Arthur Cochran intends to oppose the Dec. 13 motion of Boost Health Insurance to dismiss Cochran’s Telephone Consumer Protection Act class action (see 2312140005) in which it claims that it didn’t “purposefully avail itself of Florida” when the vendor it hired, Work Business Solutions, made telemarketing calls to Cochran and other individuals into Florida and to Florida area codes, said Cochran’s motion to compel discovery Thursday (docket 4:23-cv-00473) in U.S. District Court for Northern Florida in Tallahassee. In opposing the motion to dismiss, Cochran plans to demonstrate that Boost Health was aware that its vendor was contacting Florida area codes with its telemarketing calls, said his motion. Cochran needs discovery “to learn the extent of that conduct,” but Boost Health “has refused to produce the calling data that evidences how frequently” its vendor was contacting Florida area codes, it said. Boost Health has rejected Cochran’s discovery requests on grounds that the information he seeks isn’t relevant “to the claims and defenses of the parties and is not proportionate to the needs of the case,” said Cochran’s motion. Boost Health also argues that the discovery request “lacks reasonable temporal limitations and predates the time period” in which Cochran alleges to have received contact on behalf of Boost Health, it said. A defendant whose agent makes “tortious calls” to a Florida resident is subject to personal jurisdiction in the Northern District of Florida, it said. Courts evaluating personal jurisdiction in TCPA cases have regularly applied the “effects test” from the 1984 U.S. Supreme Court decision in Calder v. Jones “to evaluate whether a defendant purposefully availed himself of the privileges of doing business within the forum,” it said. Through his discovery request, Cochran is seeking documents and information reflecting that Boost Health was aware that its vendor was calling Florida telemarketing numbers, it said. Such information has been compelled or evaluated by courts to consider the issue, it said. The information he seeks about calls to Florida as part of the same campaign resulting in calls to Cochran is “critical” to responding to Boost Health’s motion to dismiss, “as other courts have relied on similar information in denying motions to dismiss for lack of personal jurisdiction in TCPA cases,” it said.

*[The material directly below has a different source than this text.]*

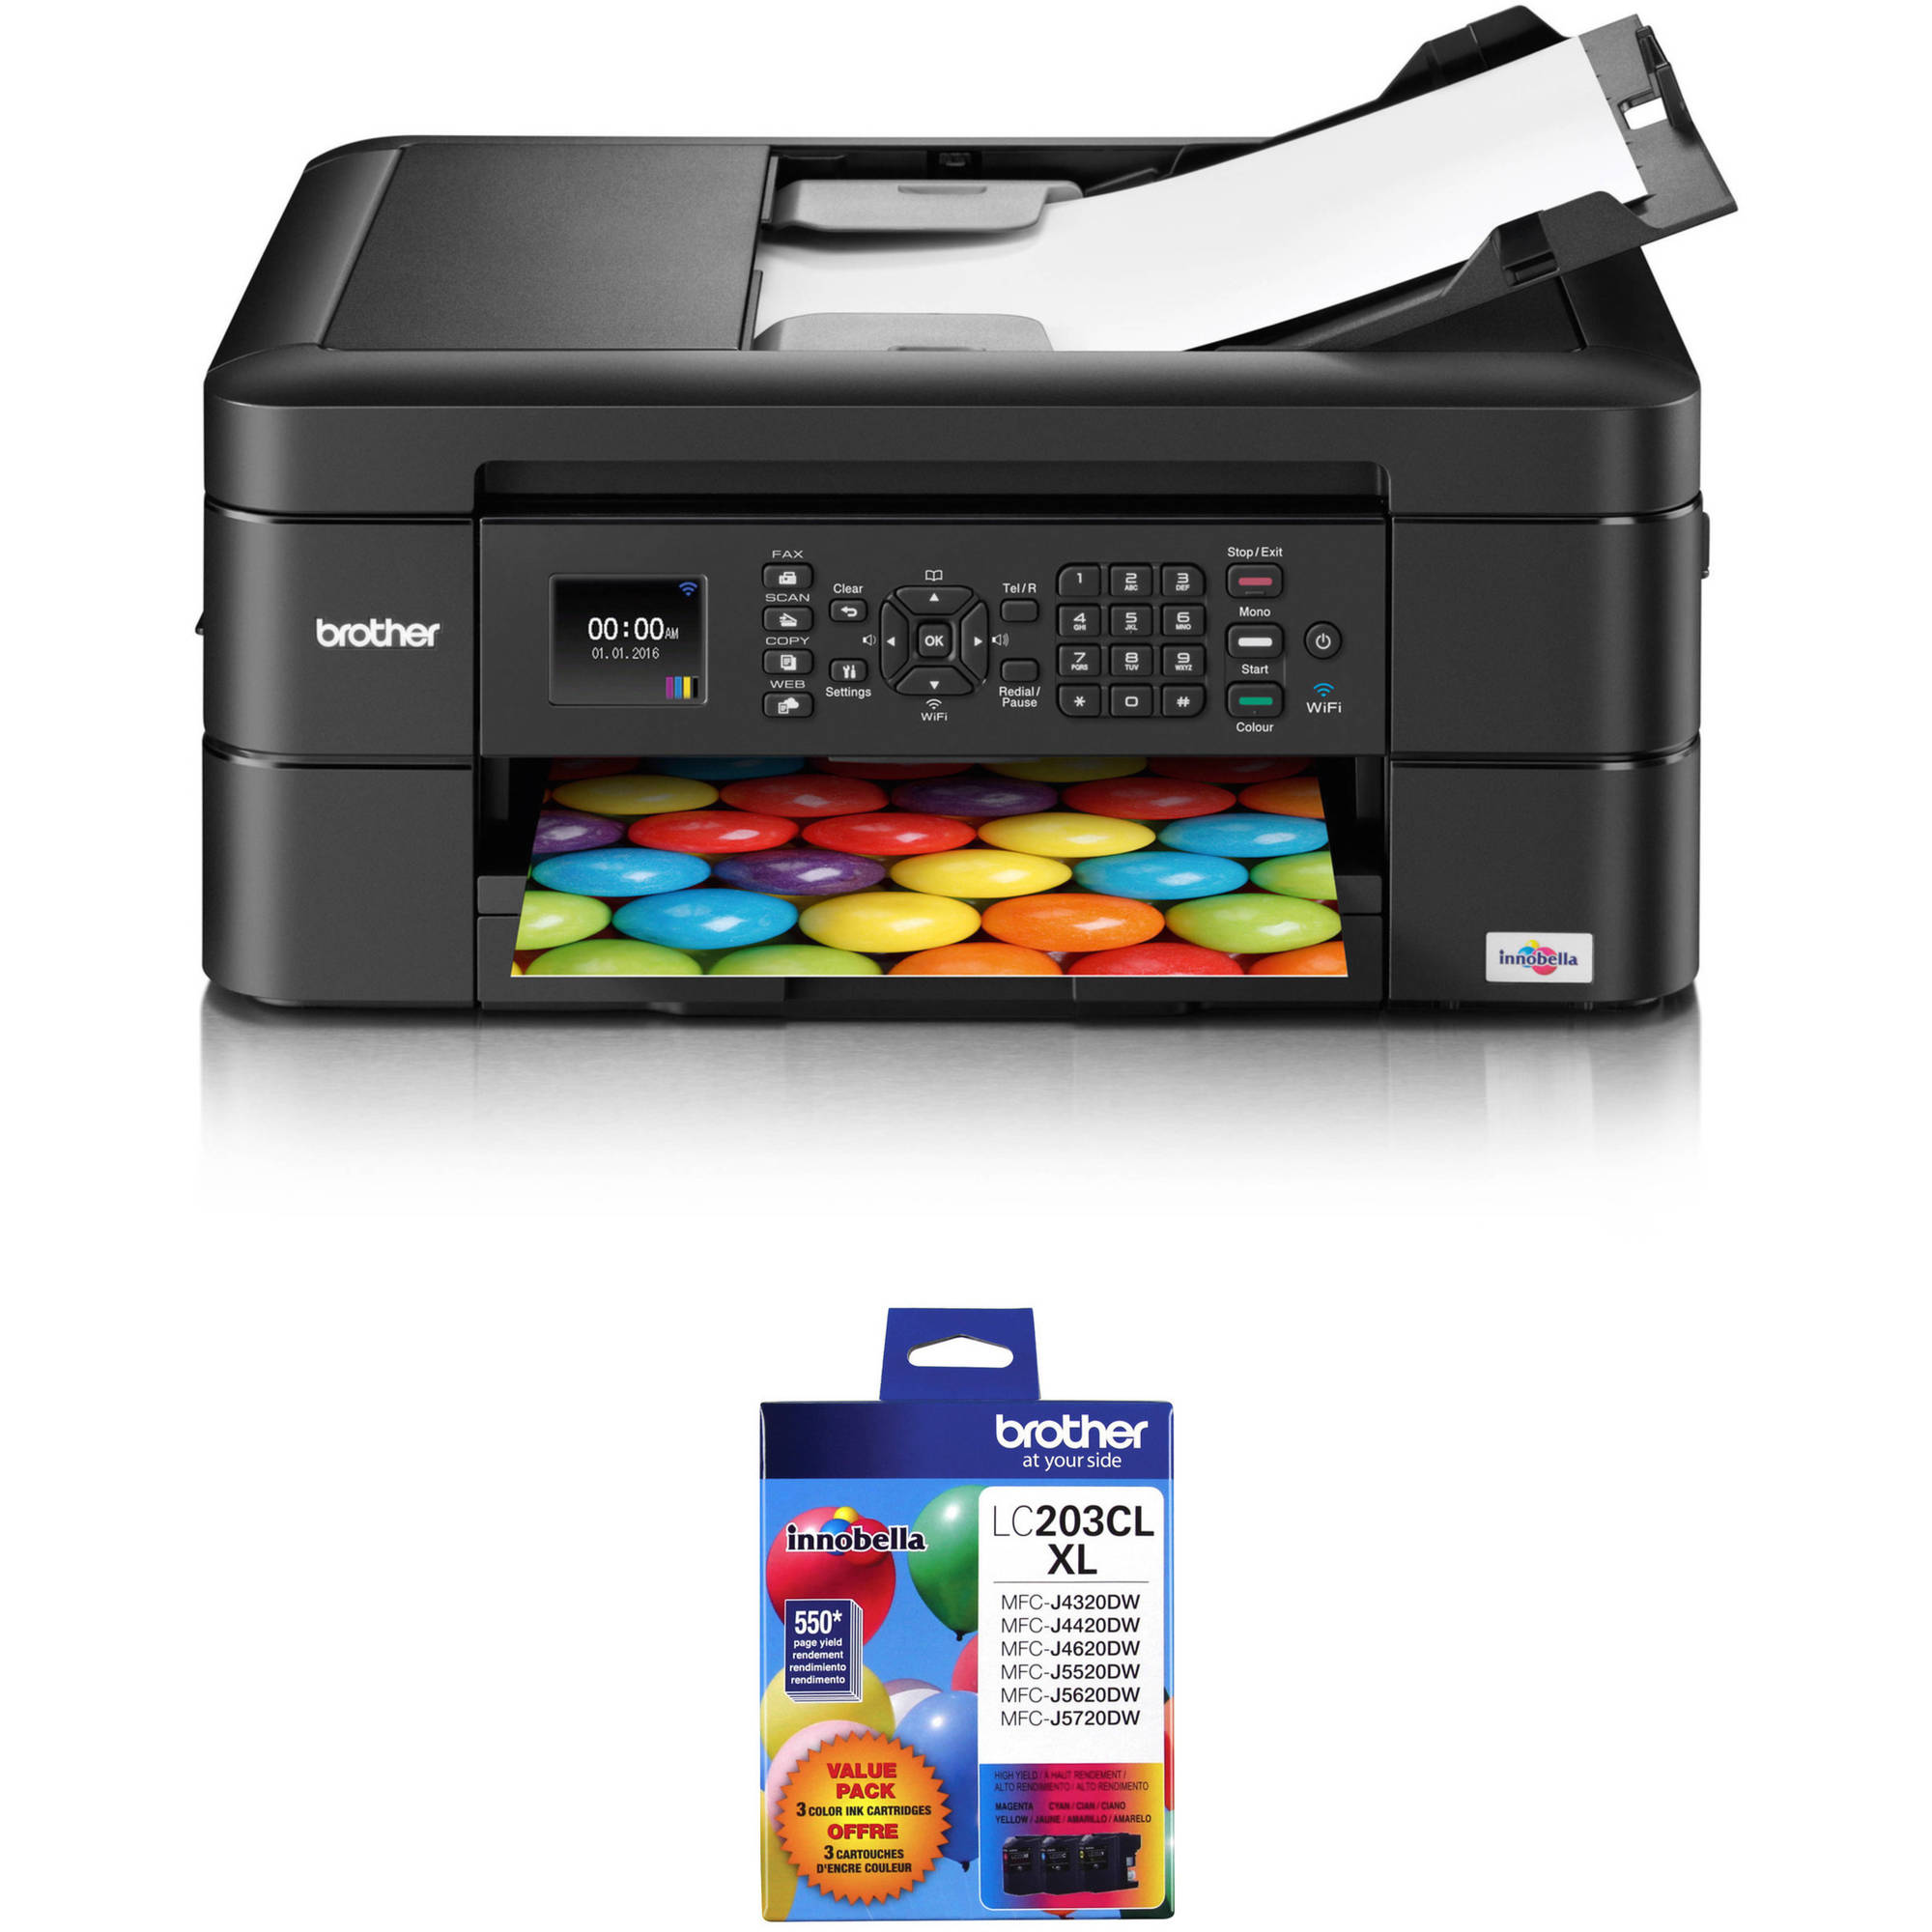 Brother Worksmart Series Mfc J460dw All In One Inkjet Printer
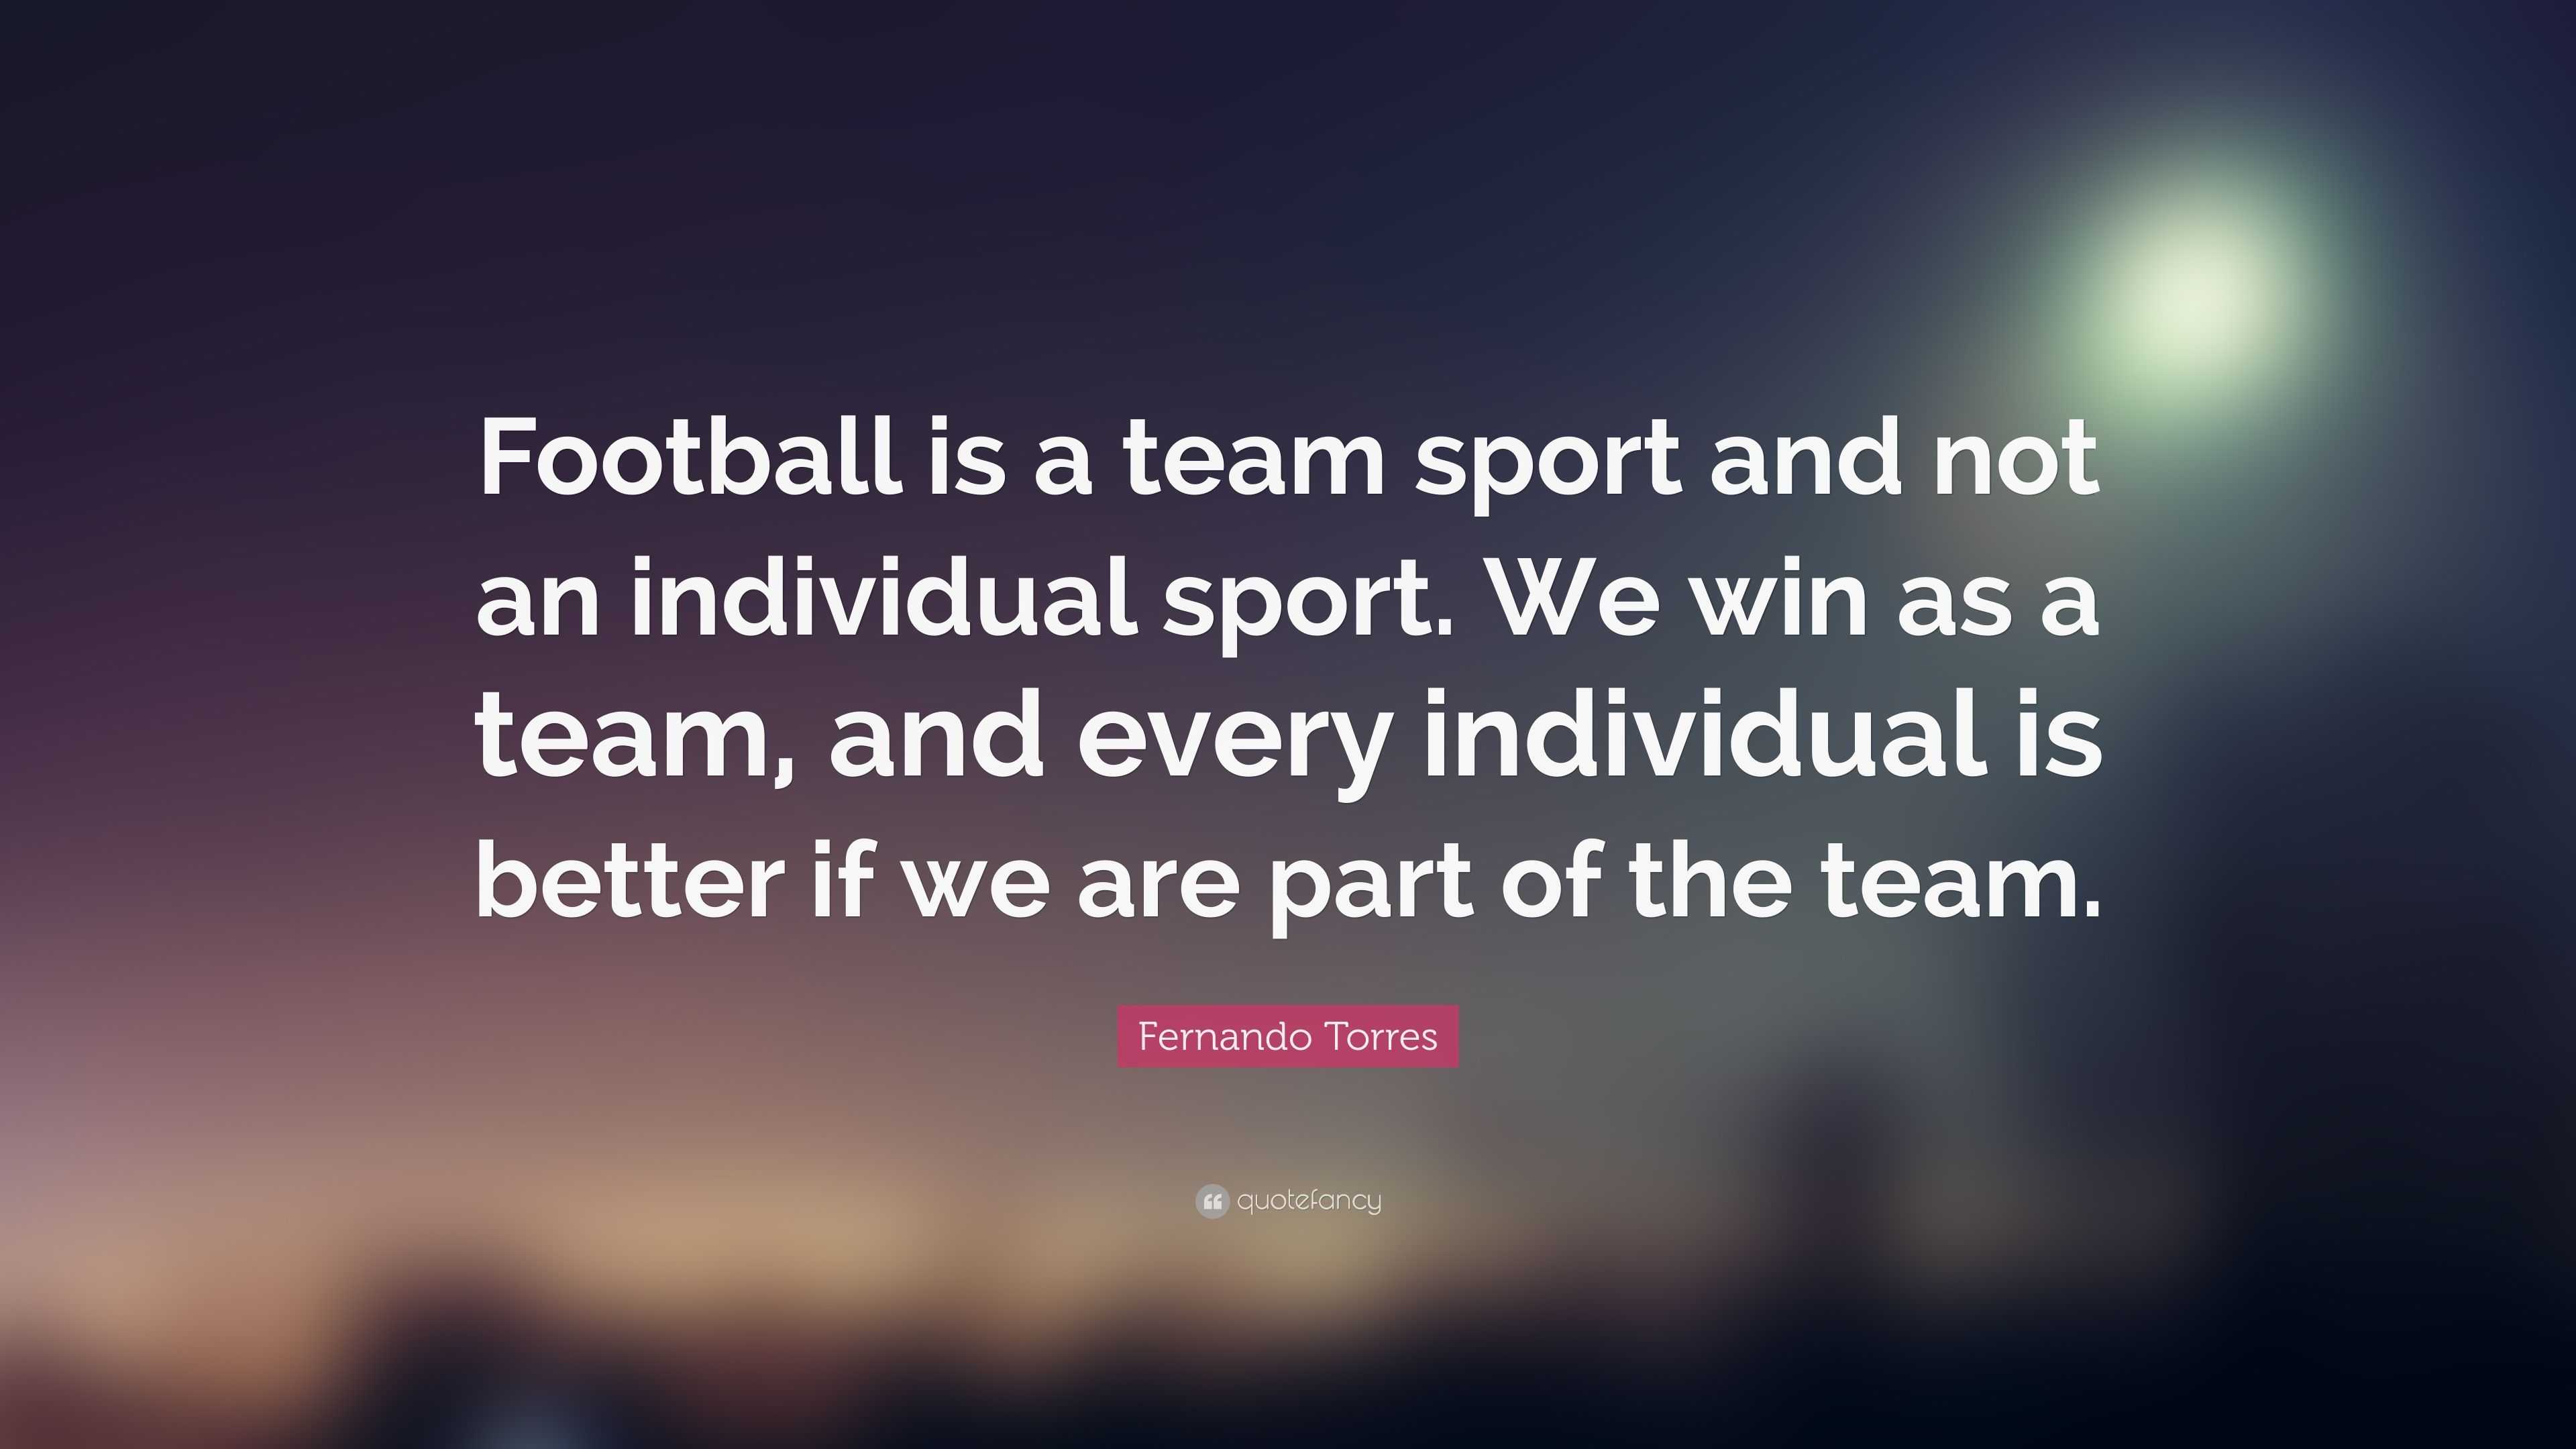 Fernando Torres Quote: “Football is a team sport and not an individual ...

Omaha resident MaKenzie Lazo seeks to stop a Toyota dealership in Irving, Texas, from violating the Telephone Consumer Protection Act by making telemarketing calls to consumers without consent, including calls to phone numbers listed on the national do not call registry and to consumers “who have expressly requested that the calls stop,” said her class action Wednesday (docket 3:24-cv-00411) in U.S. District Court for Northern Texas in Dallas. Village Pointe Toyota also lacks a “sufficient” internal do not call system, causing consumers like Lazo “to receive unsolicited telemarketing calls despite having requested that the calls stop,” said her complaint. Lazo listed her cellphone number on the national DNC registry in October 2021, yet her complaint logs 76 unsolicited calls she received between June 27 and Jan. 8. The calls persisted even after she personally phoned the dealership multiple times asking that the calls stop, said the complaint. Lazo has owned her cellphone number for about 10 years and has never used it for business purposes or advertised it as a business number, said the complaint. She also has never done business with or inquired about a vehicle for sale at Village Pointe Toyota, it said. The unauthorized solicitation calls have harmed Lazo “in the form of annoyance, nuisance, and invasion of privacy,” it said. The calls also have occupied her phone line and disturbed the use and enjoyment of her phone, it said.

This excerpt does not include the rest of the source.